We can visualize different filtering schemes, or tiling of the time-frequency domain, in the following figure. In the leftmost box, where each rectangle represents a filter, a signal could be represented at a high temporal resolution (similar to left filters above), but without information about its constituent frequencies. On the other end of the spectrum, the Fourier transform performs precise frequency decomposition, but we cannot tell when in the signal that frequency occurred (similar to right filters). What the cochlea is actually doing is somewhere between a wavelet and Gabor. At high frequencies, frequency resolution is sacrificed for temporal resolution, and vice versa at low frequencies.

In each large box, each rectangle represents a filter. The human ear does not perform a Fourier transform, but rather employs filters that are somewhere between a wavelet and Gabor. From Olshausen & O’Connor 2002.

Why would this type of frequency-temporal precision tradeoff be a good representation?
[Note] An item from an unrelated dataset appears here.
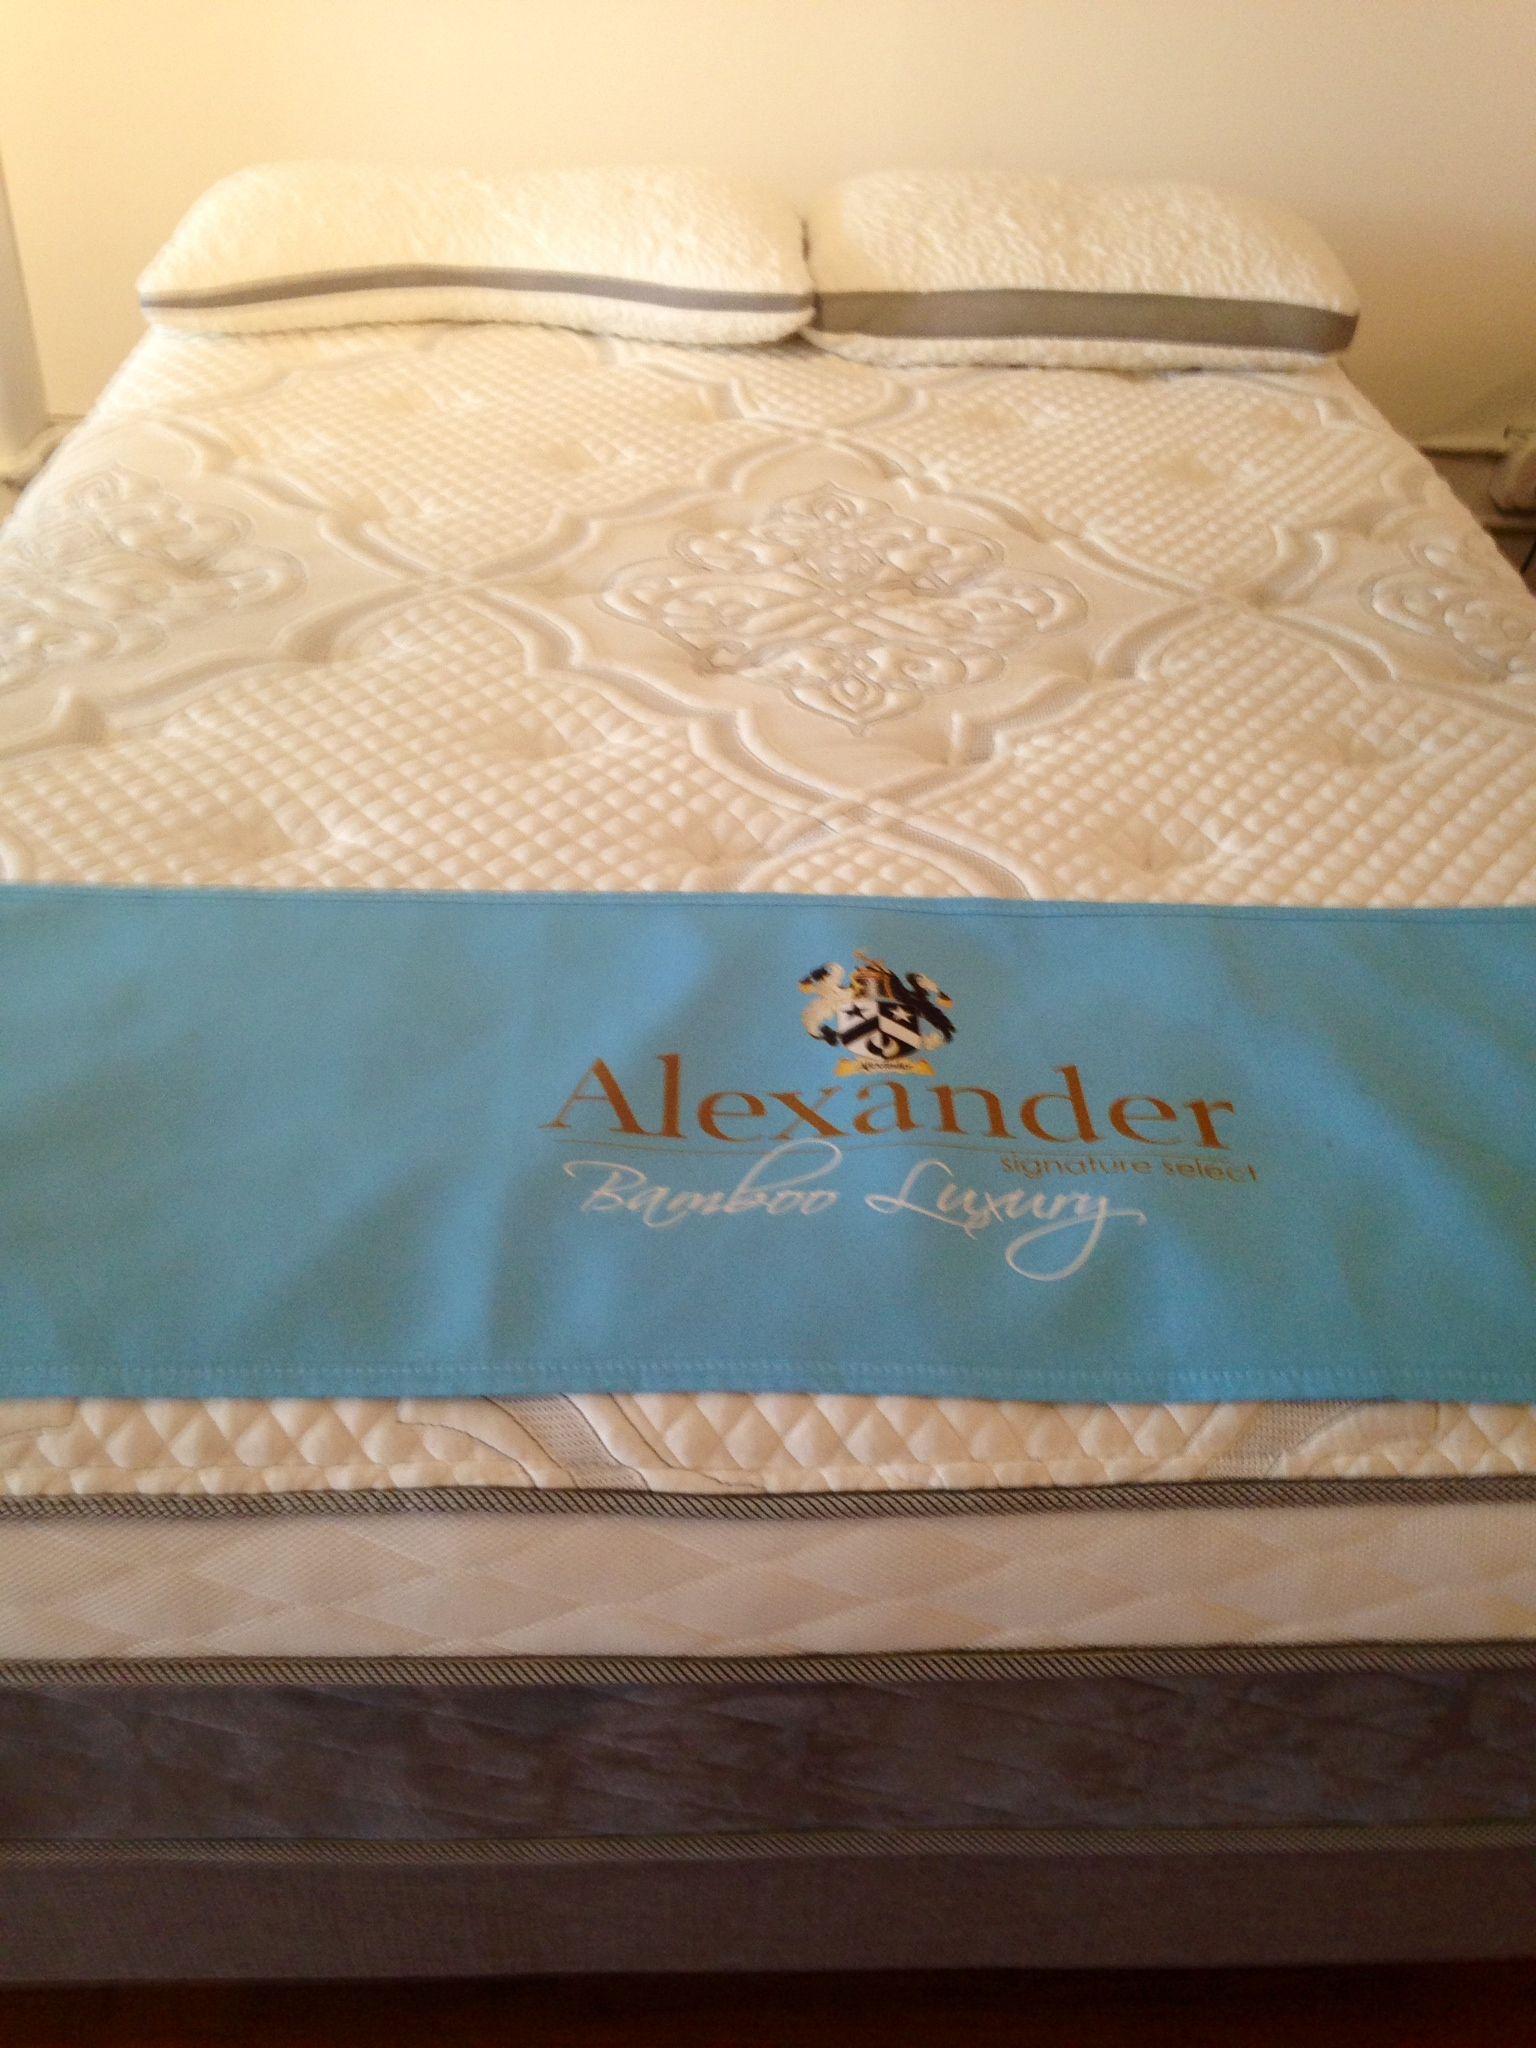 Alexander signature mattress review 2020 1 trusted

One theory, explored in Lewicki 2002, is that these filters are a strategy to reduce the redundancy in the representation of natural sounds. Lewicki performed independent component analysis (ICA) to produce filters maximizing statistical independence, comparing environmental sounds, animal vocalizations, and human speech. The tradeoffs look different for each one, and you can kind of map them to somewhere in the above cartoon.

It appears that human speech occupies a distinct time-frequency space. Some speculate that speech evolved to fill a time-frequency space that wasn’t yet occupied by other existing sounds.
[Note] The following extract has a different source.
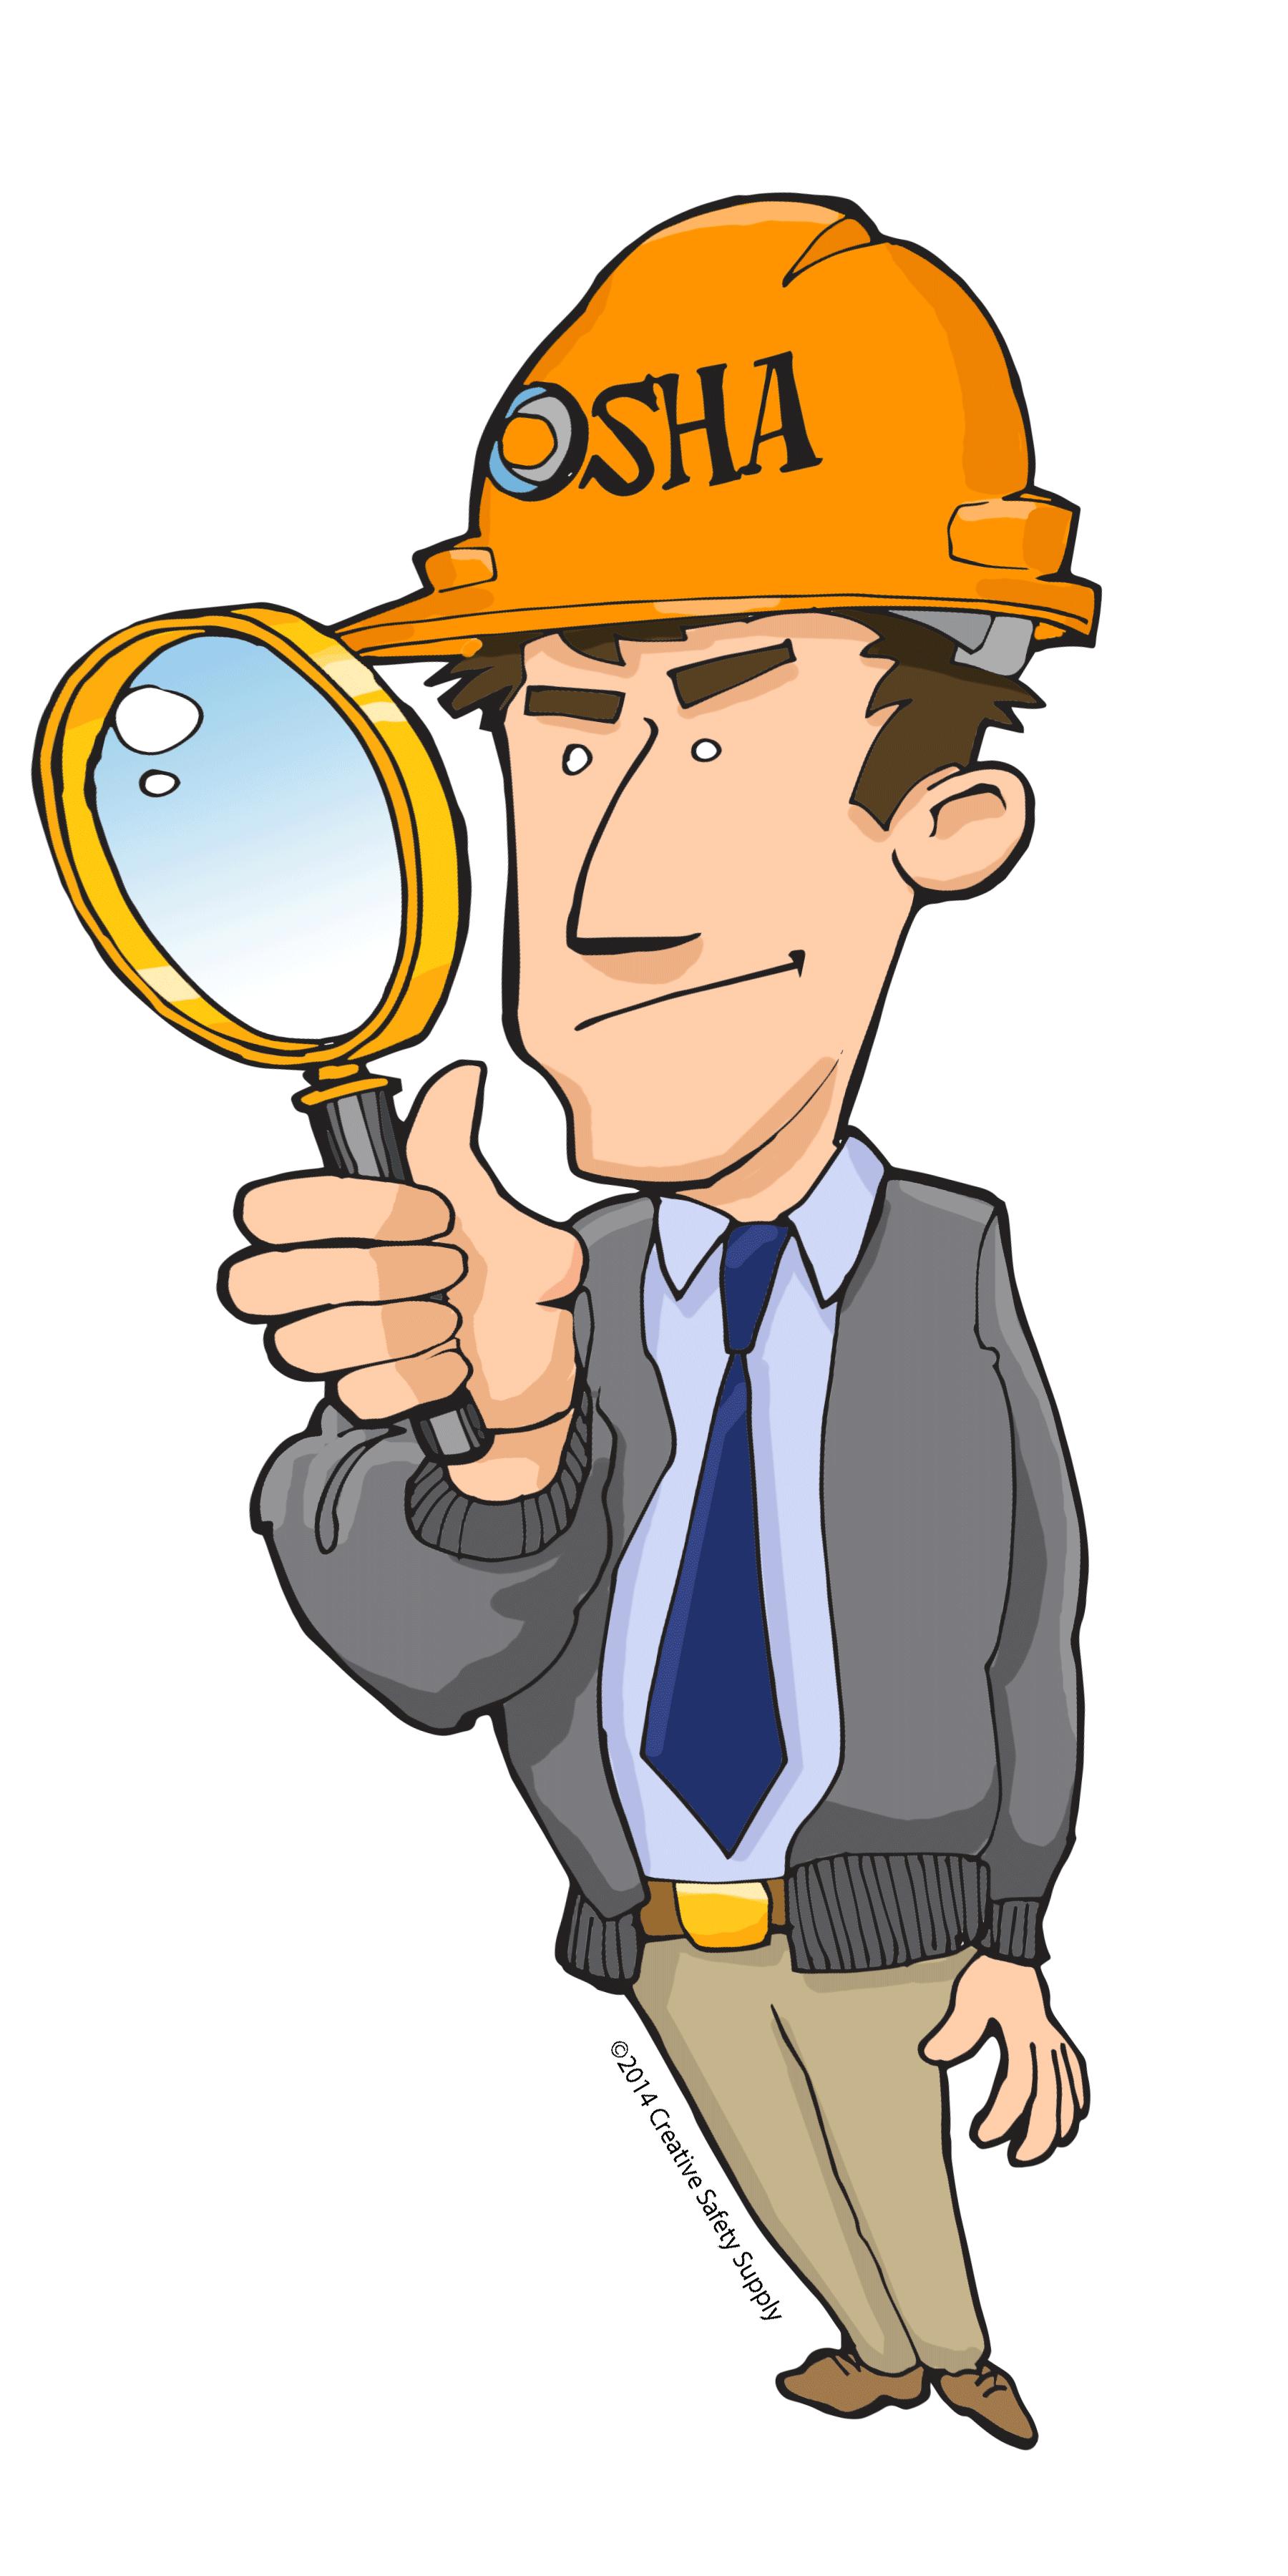 Osha ingenious inspiration near. Data clipart inspector

To drive the theory home, one that we have been hinting at since the outset: forming ecologically-relevant representations makes sense, as behavior is dependent on the environment. It appears that for audition, as well as other sensory modalities, we are doing this. This is a bit of a teaser for efficient coding, which we will get to soon.

We’ve talked about some incredible mechanisms that occur at the beginning of the sensory coding process, but it’s truly just the tiny tip of the ice burg. We also glossed over how these computations occur. The next lecture will zoom into the biophysics of computation in neurons.